Case ID: georgia-decisions_1/html/0168-01.html
Source: Caselaw Access Project
Author: {"author": "WILLIAM EZZARD, j, s. c. c. o<", "license": "Public Domain", "url": "https://static.case.law/"}
Date Created: 2024-08-24T03:29:51.129683

FAYETTE SUPERIOR COURT,
    September Term, 1842.
    William Jack and John T. Davis vs. John Watson, John Simmons and Josiah N. Elder, Justices, &c.
    
      Certiorari.
    
    1st. Where several cases are brought in a Justice’s Court, upon notes given as the consideration of the same contract, the Superior Court will not interfere, unless it were set up as a matter of defence.
    2nd. If the defendant to actions in a Justice’s Court, intends to rely on a former recovery in defence, he must plead it, and if not insisted on in the Court below, this Court will not interfere.
    The facts in this case, as they appear by the petition of the defendants in the Court below, and the return of the Justices of the Peace, do not, in the opinion of the Court, call for its interposition.
    The grounds upon which it is alleged that error was committed, are :
    That the aggregate amount of the notes sued on, exceed the sum of thirty dollars ; and,
    That the notes sued on have been prosecuted to judgment between the same parties in a former suit.
   What may be the opinion of the Court m regard to the first ground, is not now material: because it does not appear from the return of the Magistrates, that a defence of that sort was relied on at the trial.
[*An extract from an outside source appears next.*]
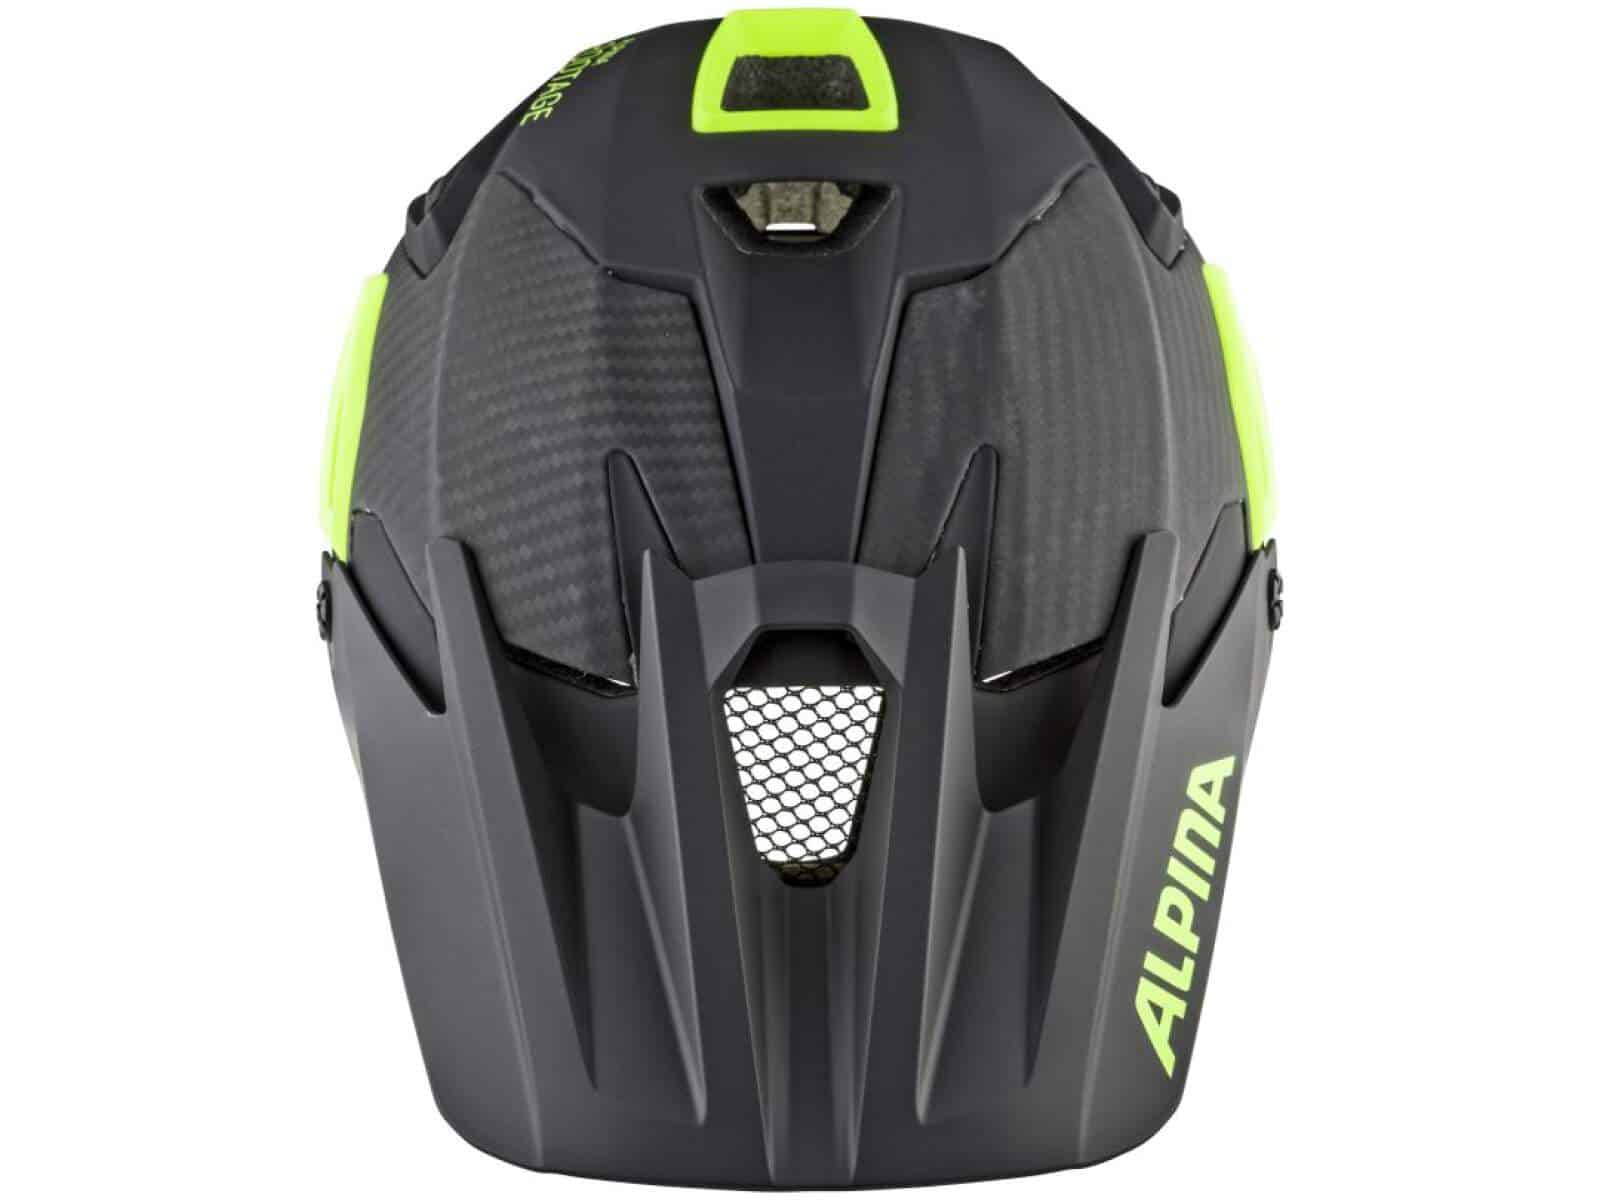 Kask rowerowy Alpina ROOTAGE

If the defendants in the Justices’ Courts rely on the want of jurisdiction of sums amounting in the aggregate to more than thirty dollars, which spring out of the same contract and between the same parties, as they insist was the case here, they' should have pleaded their exceptions in a regular and legal way. It does not appear by the return of the Magistrates that they relied on any such defence.

In regard to the second ground : it was competent for the defendants to have pleaded the former recovery, in bar of the second actions, but it does not appear from the return, that they did rely upon any such plea*

The certiorari is therefore dismissed, and the proceedings below Confirmed.